We observed a trend of increased chromatin accessibility in circulating CD4+ T-cells with advancing age (Supplemental Figure 4A). Heat maps of accessible peaks revealed two distinct clusters corresponding to genes more accessible in younger versus older patients (Supplemental Figure 4B). The accessible genes comprising the older patients’ cluster were related to immune activity pathways, such as the JUN-AP1 and BACH2-BATF motifs, interferon response factor IRF2 and T-cell proliferation regulator TNFSF8 (Supplemental Figure 4C, D). CIBSERSORT assignment of the CD4+ T-cell subsets based on ATAC-seq signatures did not display any statistically significant or consistent trends between the three age categories (Supplemental Figure 4F). These findings are in line with previous findings of immune system aging (Keenan and Allan, 2019) and indicate that the effects of aging on CD4+ T-cell chromatin accessibility is not a major mechanism of SSc pathobiology.

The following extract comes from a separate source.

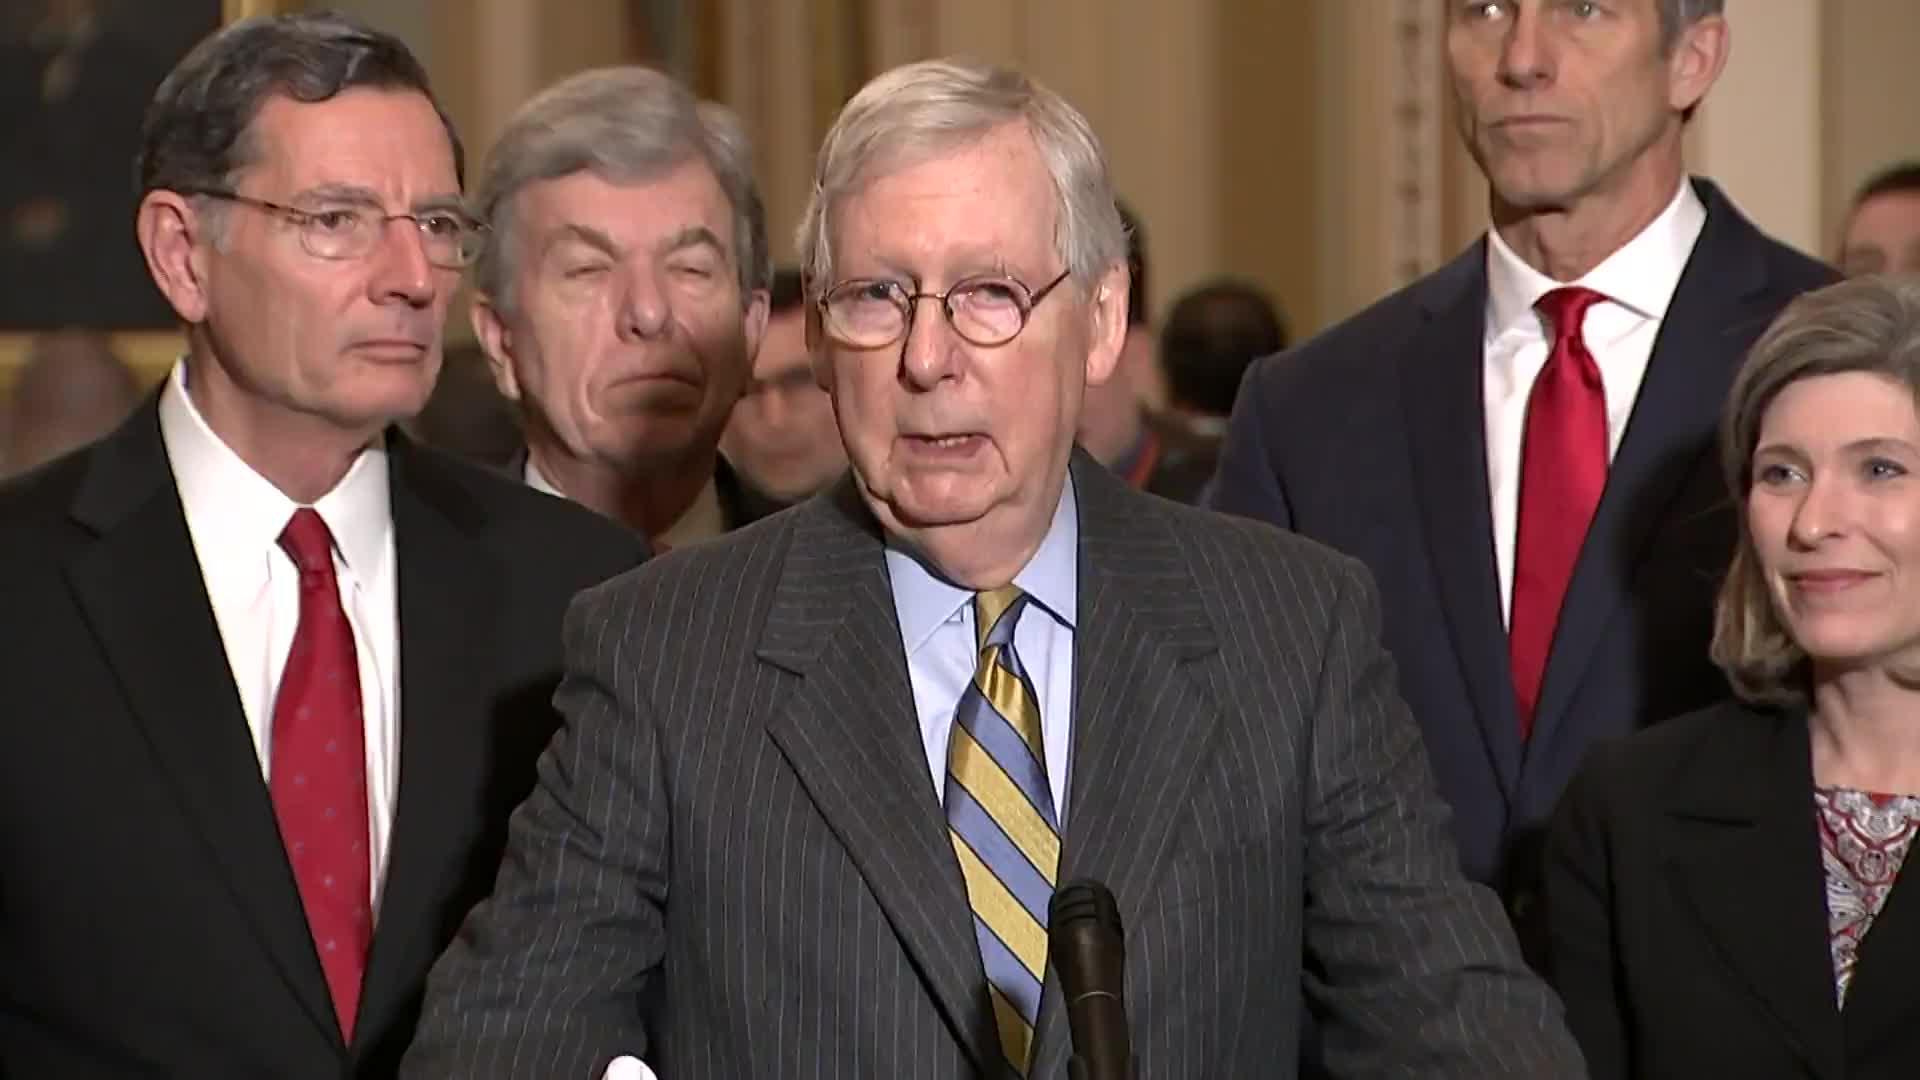 Democratic Sen. Sherrod Brown fine with Hunter Biden testifying in Trump impeachment trial

Serum autoantibody profiles are correlated with Th2-related pathways in SSc
Serum autoantibodies in SSc patients were the most significant non-sex related factor associated with CD4+ T-cell ATAC-seq peaks (Figure 1B, Supplemental Figure 1E). When patients were grouped by autoantibody profile, the most pronounced peak differences were observed at the latest time point collected (data from 3rd timepoint shown), potentially because of prolonged disease progression. Thus, we utilized the third timepoint data for subsequent autoantibody-related analyses. Additionally, we included all patients with available ACA and RNAIII antibody data since there was very little overlap of total differential peaks across timepoints between each of the comparison factors (i.e., age, sex, treatment, etc., Figure 1C), Table 1).
ACA and RNAIII antibodies are mutually exclusive in > 95% of patients (Domsic and Medsger, 2016) and are associated with different clinical outcomes (e.g., pulmonary arterial hypertension and scleroderma renal crisis most commonly present in ACA and RNAIII-positive SSc patients, respectively) (Nguyen et al., 2010; Odler et al., 2018; Steen et al., 2007). Given these clinical attributes, the lack of a significant number of Scl70 patients, and the consistent presence of ANA in nearly every patient, we focused our autoantibody analyses on differences arising from ACA and RNAIII expression (Table 1). A point of interest comes from patient 1837, who was not included in our ACA analysis due to lack of an ACA confirmatory test. However, since patient 1837 has confirmed expression of RNAIII autoantibodies, we can reasonably infer the absence of ACA (Domsic and Medsger, 2016). Furthermore, the ATAC-seq profile of subject 1837 clustered independently with the ACA negative patients, suggesting that chromatin accessibility profiles may predict autoantibody expression.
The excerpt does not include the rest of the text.